Heading up there this weekend with some scouts. Figured we might as well try and fish while we are there.

We will just be casting from the bank.

I have never fished starvation before, so any tips for that res would be appreciated.


----------



## lifes short (Sep 11, 2013)

People do very well under the highway 40 bridge with power bait for trout. West shore


----------



## sawsman (Sep 13, 2007)

Worms&#8230; They may entice all the species in there a bit better. Put 'em under a bobber to keep the crawdads off them and have them casts somewhat close to shore.

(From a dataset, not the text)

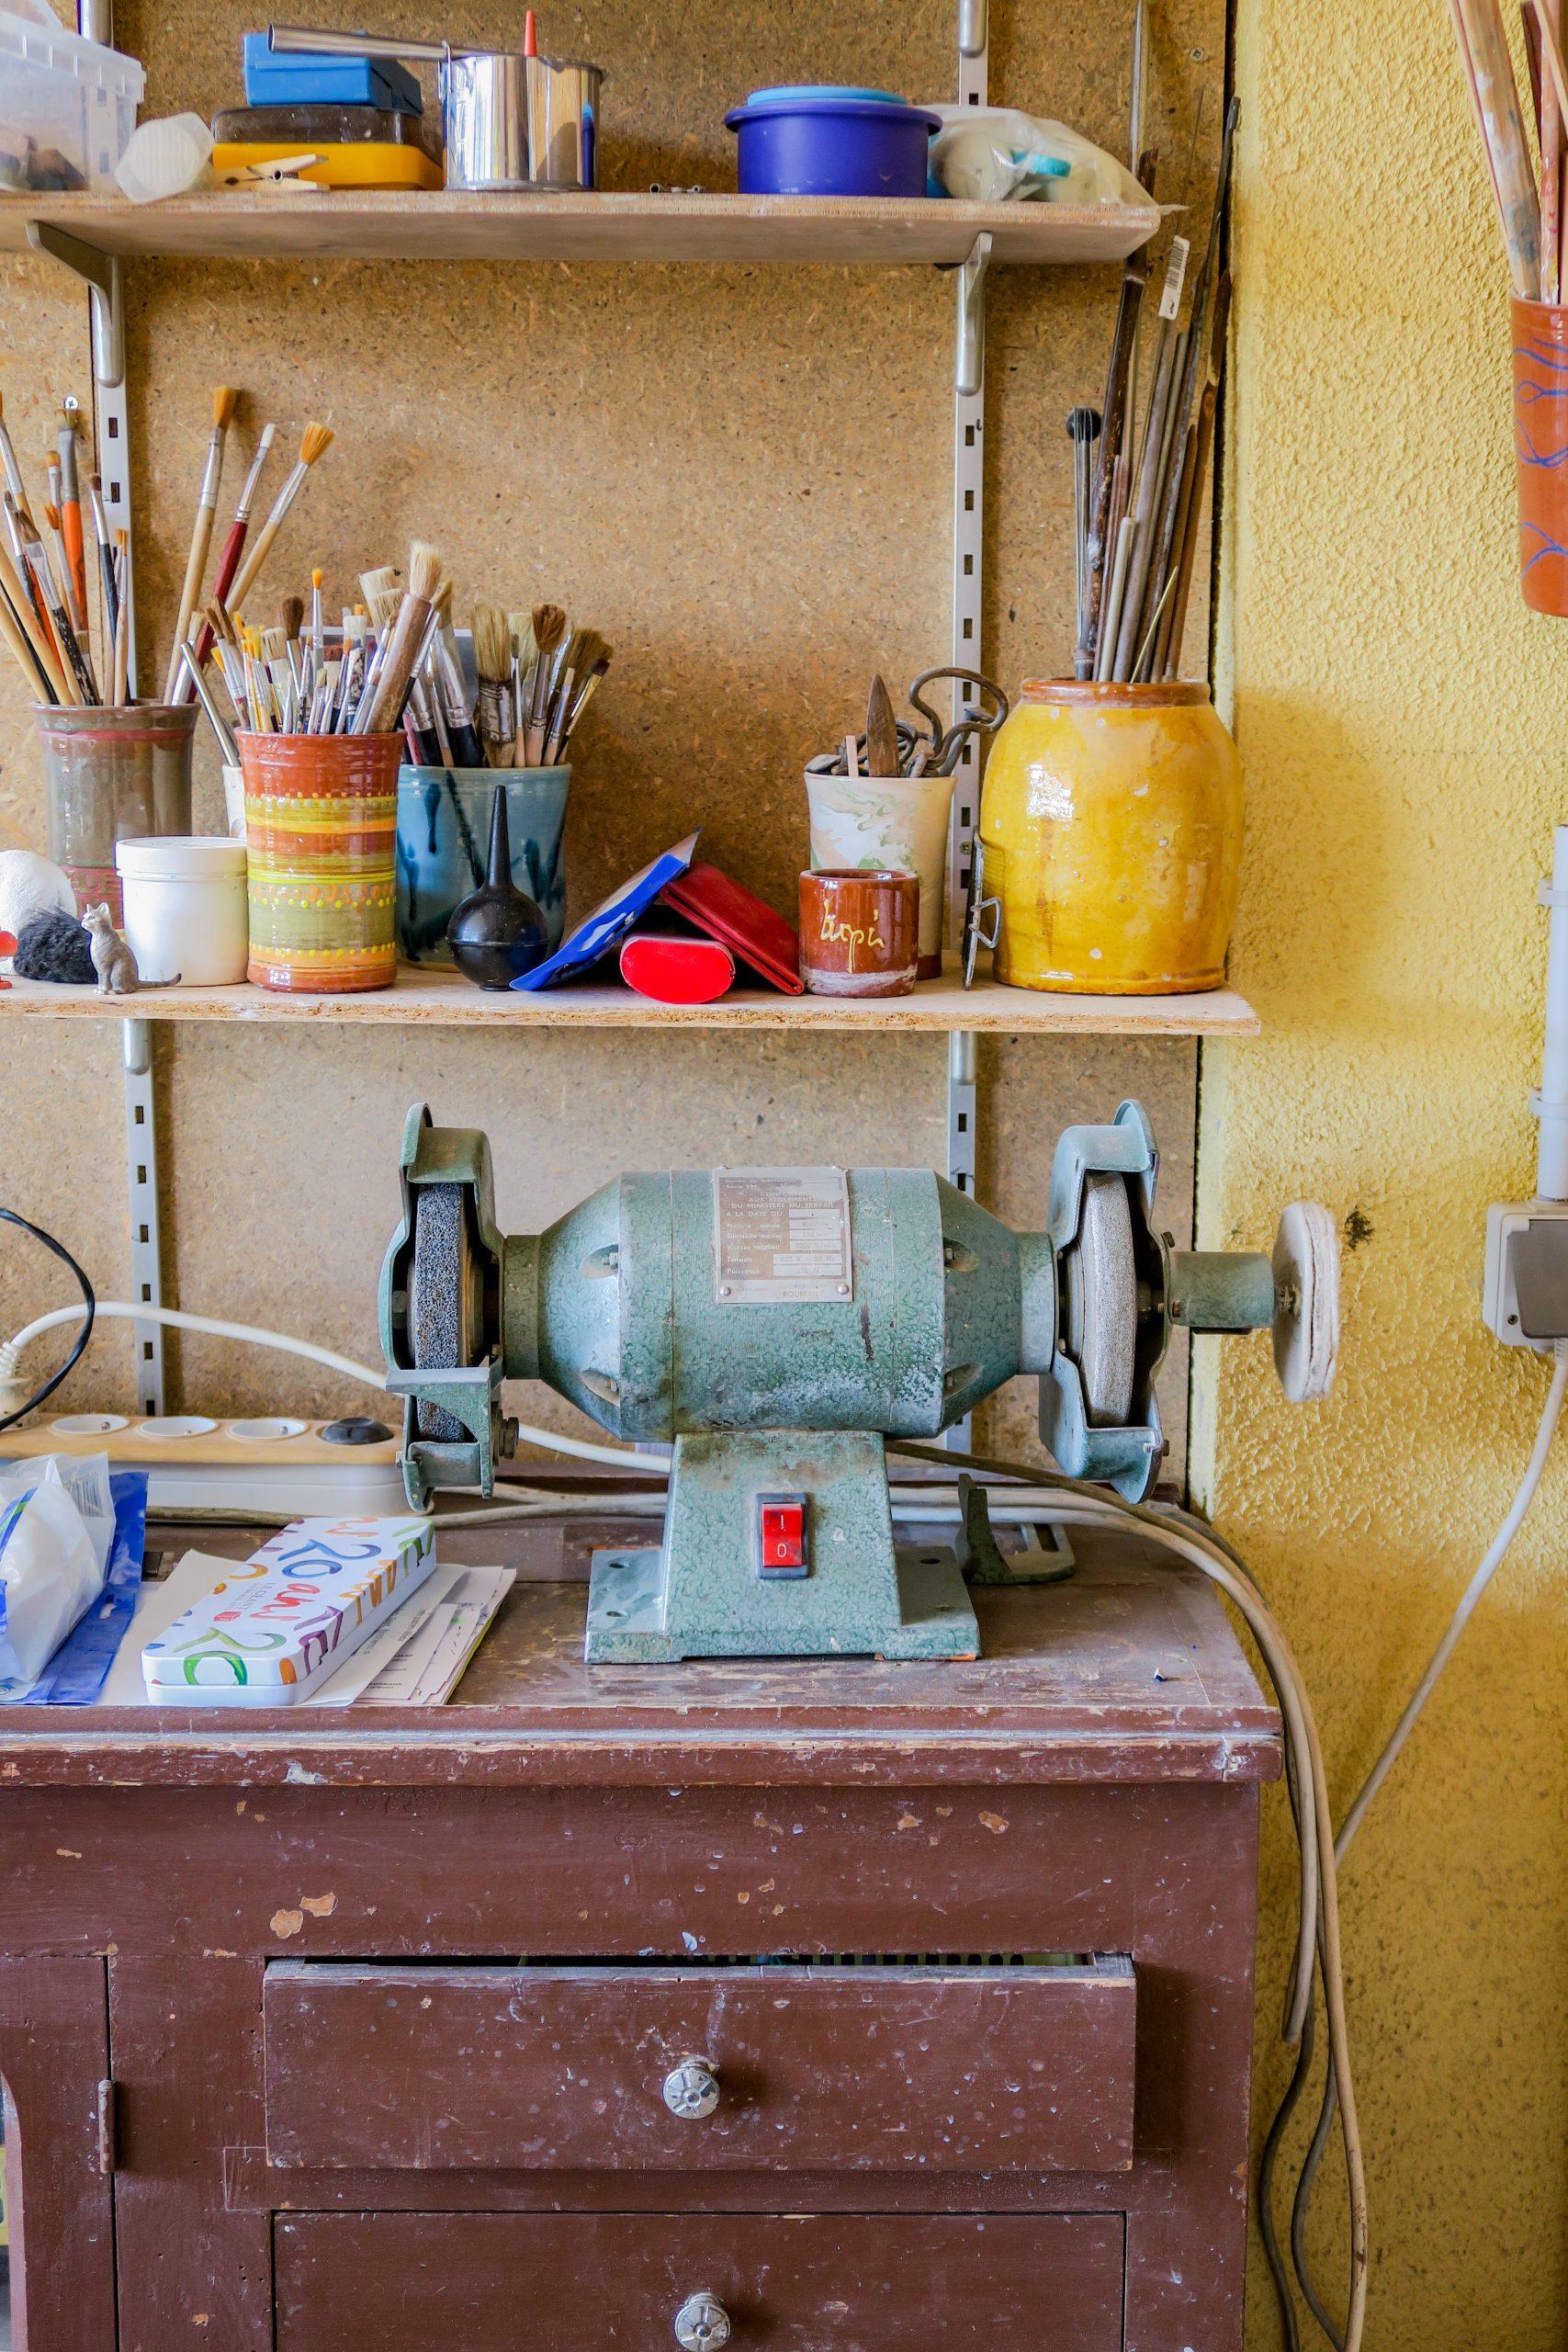 atelier de poterie molitg-les-bains

_Friendly reminder: make sure those young-uns licenses are current._


----------



## torowy (Jun 19, 2008)

Thanks for the tips. 

sawsman, if you are with scouts, they don't need licences until they are 14. You just have to print off a sheet from the dwr. wildlife.utah.gov/youth-org


----------



## Shep (Sep 21, 2007)

torowy said:


> Thanks for the tips.
> 
> sawsman, if you are with scouts, they don't need licences until they are 14. You just have to print off a sheet from the dwr. wildlife.utah.gov/youth-org


I took our scouts up to Scofield this winter for some ice fishing and had this all filled out (saved us a lot of money because we have a large group of boys under 14). The DWR officer checked us while there, and mentioned that he was pretty happy to see that many boys show up and he gave us a few tips while there on what to use. Definitely a great tool by the DWR to get these younger kids out fishing. I just wish that it was valid for scout groups older than 14 as well. I have 35 scouts between the ages of 12-18.

We also fished up at Starvation last year, but that was in mid-February when there was still some ice, but we caught a few rainbows with jigs tipped w/ worms near the bridge mentioned earlier.


----------



## Dunkem (May 8, 2012)

Anyone have a map of Starvy roads around the res? thanks Brad


----------



## sawsman (Sep 13, 2007)

torowy said:


> sawsman, if you are with scouts, they don't need licences until they are 14. You just have to print off a sheet from the dwr. wildlife.utah.gov/youth-org


Nice, I didn't know that.

Good luck!


----------